Un regard noir fusa mais, une fois encore, le curé joua les arbitres.

Guillaume, quant à lui, se tassait un peu plus sur sa chaise au fur et à mesure que la somme augmentait car il était celui qui avait été désigné hériter universel et général de feu son père, à charge d’exécuter ses dernières volontés et de rendre l’hérédité à son frère et sa sœur en temps voulu. Ce qui, il faut bien l’admettre, n’avait pas été réglementairement fait.

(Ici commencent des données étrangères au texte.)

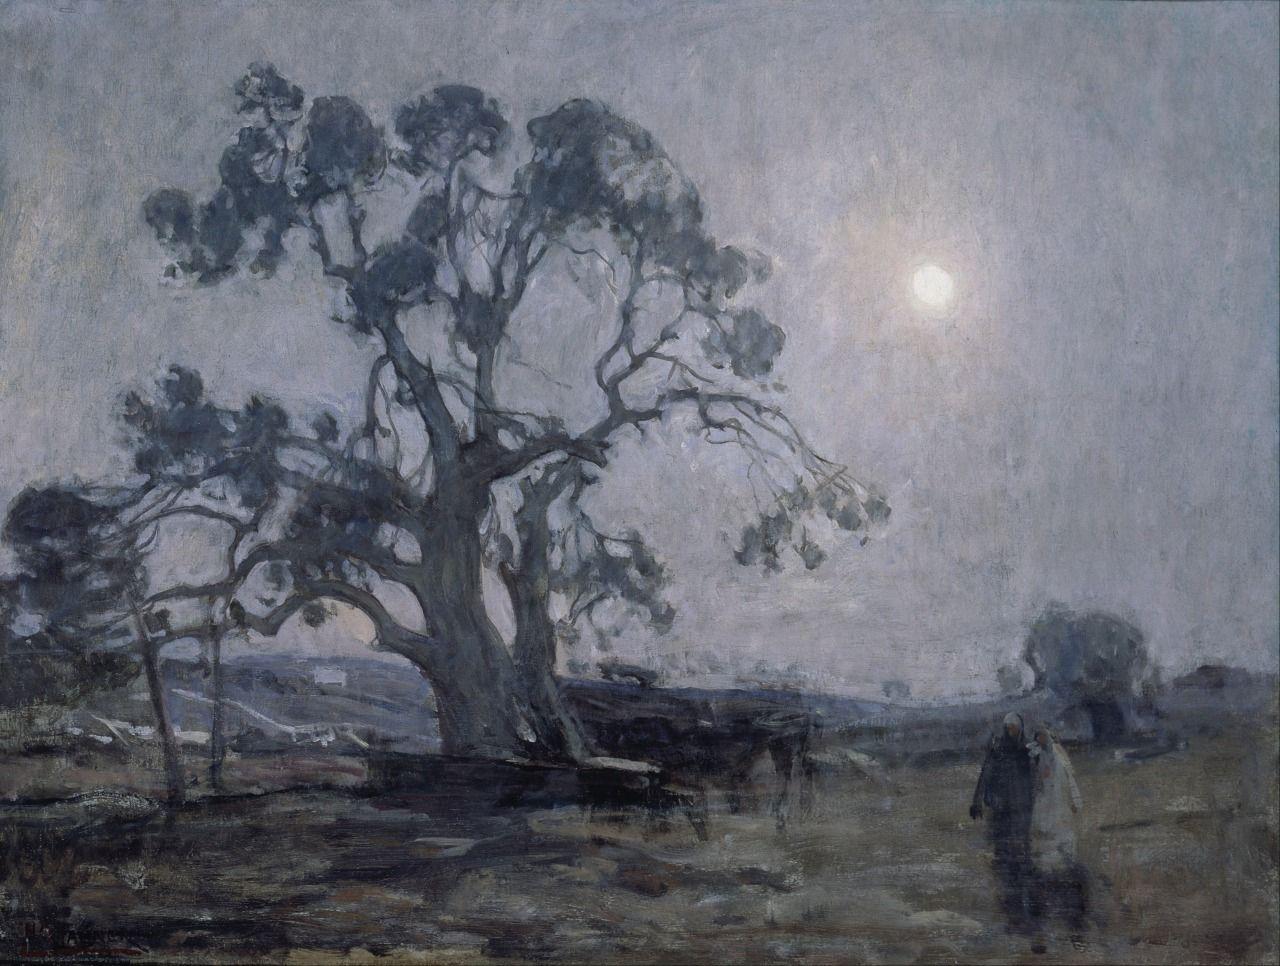 Abraham's Oak, 1905, Henry Ossawa Tanner

Sous l’insistance du curé, il promit du bout des lèvres de payer les droits légitimaires parentaux promis dans l’année après le mariage, les 14 livres à la fête de Noël, les 100 livres dans l’année à raison de quatre termes de 25 livres chacun et le restant des sommes dues (les 30 livres) en deux fois, 15 livres par an.
- Et les 127 livres ? Tu les oublies ?
Guillaume soupira, se leva pesamment et alla jusqu'à la garde-robe qu’il fouilla en profondeur afin d’y extirper un petit coffret de bois. Restant de dos à l’assemblée pour qu’on ne voit pas le contenu exact de la cassette, il compta 127 livres en écus neufs et autre bonne monnaie. Triomphante, Catherine prit la somme des mains de son frère et la fit prestement disparaître dans les plis de sa robe.

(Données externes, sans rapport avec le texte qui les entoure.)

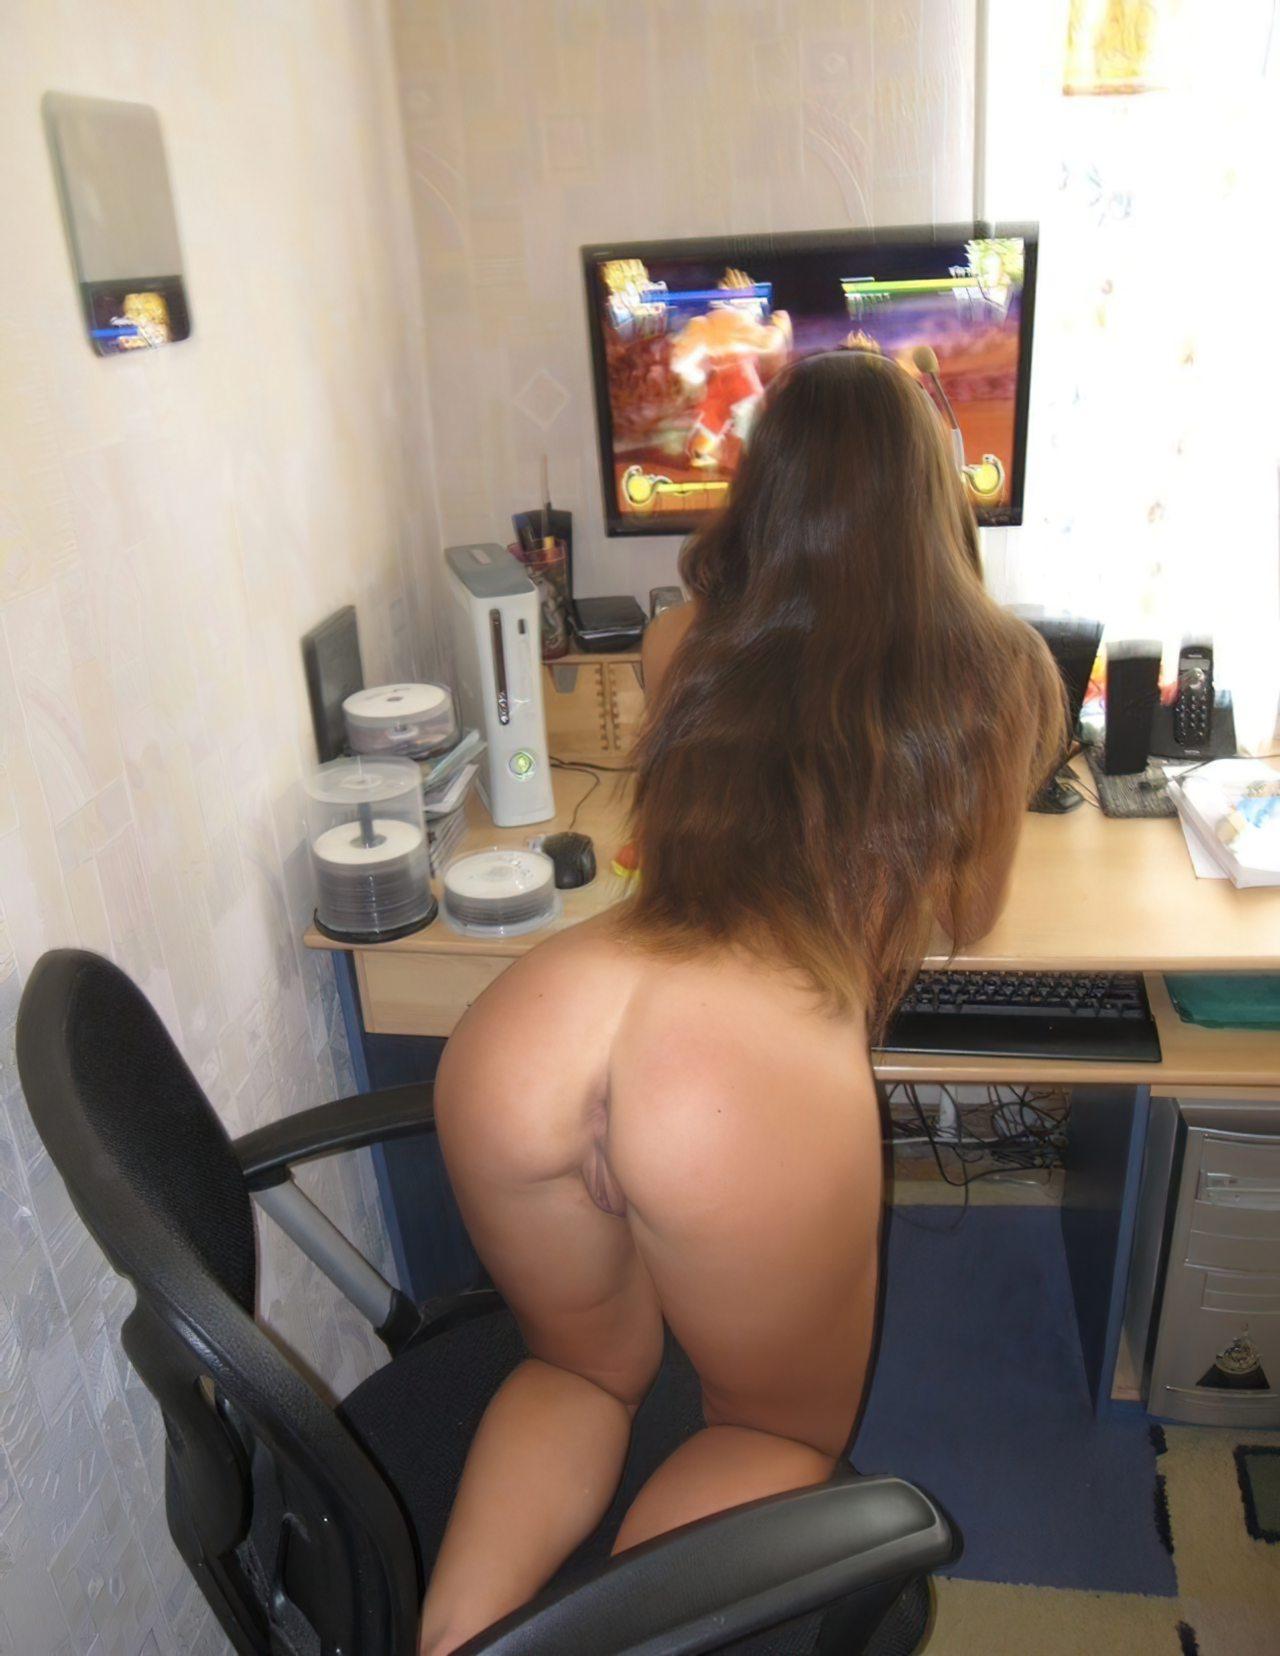 Namorada Jogando na Xbox

- T’es satisfaite maintenant ? demanda Pierre. C’est fini ?
- Sûrement pas ! répliqua Catherine. Il y a encore les ruches : toi tu t’es déjà servi, je le sais !
- Mais enfin, j’ai juste l’usage d’une ruche que m’avait donnée notre père avant son décès : les deux autres qu’il m’a promises je ne les aurai que lorsque je me marierai.
- Peu importe : je pouvais prendre les miennes quand je voulais. Et bien je les veux ! Maintenant !
- Et bien prends-les tes ruches ! Et va-t-en !
Le ton montait à nouveau. Je me demandais comment tout cela allait finir. Le curé redonna la parole à Guillaume :
- Concernant les biens que t’a octroyé notre père, je peux te donner les deux écuelles (il loucha craintivement sur celle que Catherine tenait toujours à la main, prête à s’en servir au besoin), l’assiette en étain et la robe de Rodez garnie pour ton mariage, mais pour le reste, la jupe de drap de couleur noire et les deux paires de linceuls, il faudra attendre la Noël, précisa-t-il.
- D’accord, mais au lieu de la couverte de laine aussi promise, je veux sa valeur en monnaie : 9 livres !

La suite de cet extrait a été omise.